I shared on my Instagram page the other day that I was suffering from a Migraine after a sleepless night and no drugs. That night my head started hurting again and as I sat down on the sofa, I smashed my knee on the coffee table. My dog ran over right away to relentlessly lick my face while I was still face planted into the cushion and I burst into tears. Not because it hurt that much but because in that moment I felt really lonely.
Frankie was so sweet (which didn't help) and binge-ing "Love at First Sight Australia" all day definitely didn't help, but in that instant I was suddenly sad because I felt so poorly, topped it off with hurting myself and I had no one there to give me a cuddle and no one I wanted there to do it.
I will be the first person to say that I am extremely comfortable being on my own - I love my alone time (I need it in fact) and I am a extroverted introvert. I can only be social for so long before I'm like "OK I'm done, I'm going home" but when I am in a relationship that person is the exception my rules. Even if we're chilling at home together and I'm doing my own thing, I'm happier when that person is in close vicinity to me, whether we're talking or not. And on this night I realise that I do really miss companionship.
Having that person in your corner, who you can talk to about anything, and wants to know about your day no matter how mundane it is, who knows you inside out, gets you, doesn't assume the worst of you, and chooses to understand where you're coming from, is a comfort like no other. There is of course absolutely nothing wrong with being single, and enjoying it (I do) and I've been on both sides of the coin to know that the grass can seem greener whatever side you're on. That cuddle I wanted, I know there would have been some trade offs to have access to it.
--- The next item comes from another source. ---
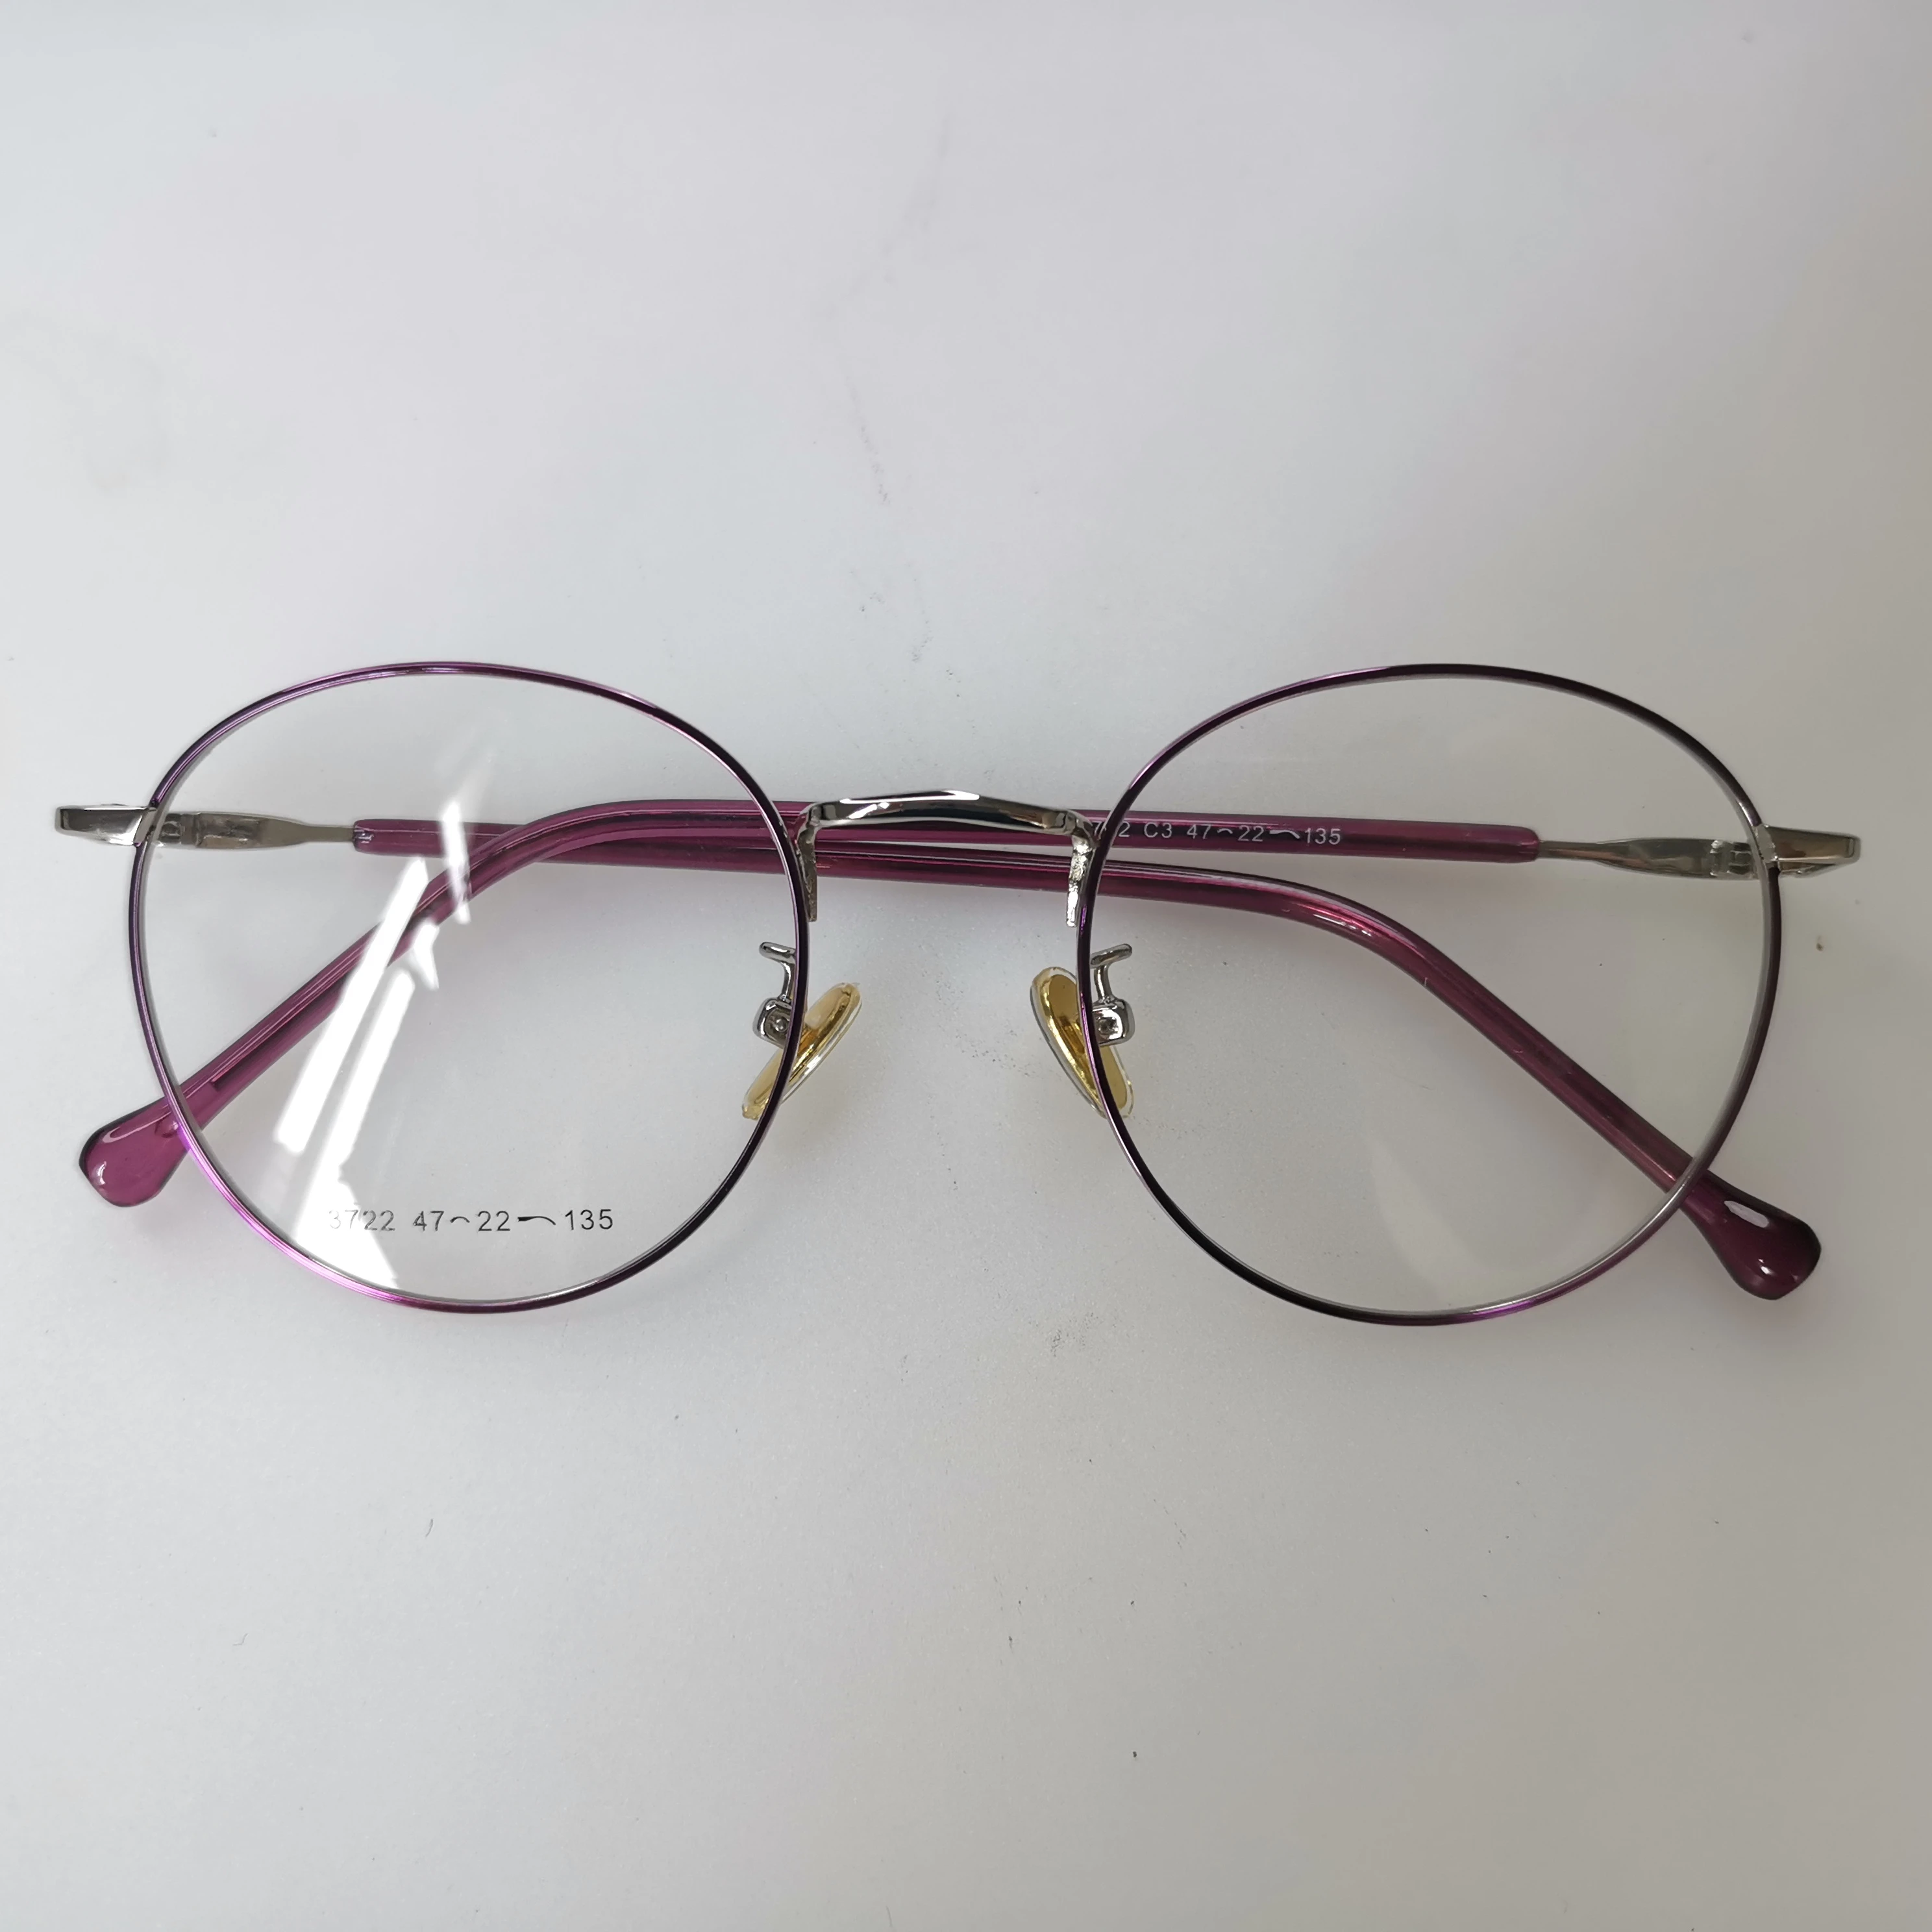 超轻女性眼镜框记忆钛眼镜镜框光学眼镜 Buy B钛 近视眼镜 金属玻璃product On Alibaba Com

But I'd be lying if I said I didn't want to be in the right relationship. Not for the long term reasons like marriage, babies, security either (although they would be nice) or for the social reasons like having a plus 1 at a wedding, not feeling like you have to explain why you're single, or feeling like a leper at a baby shower (they would be nicer). But for when your head hurts and you've smashed your knee, and there's someone there to give you a hug. And if that came with making me laugh through the tears and reminding me that I'm doing alright, well that would have been lovely too.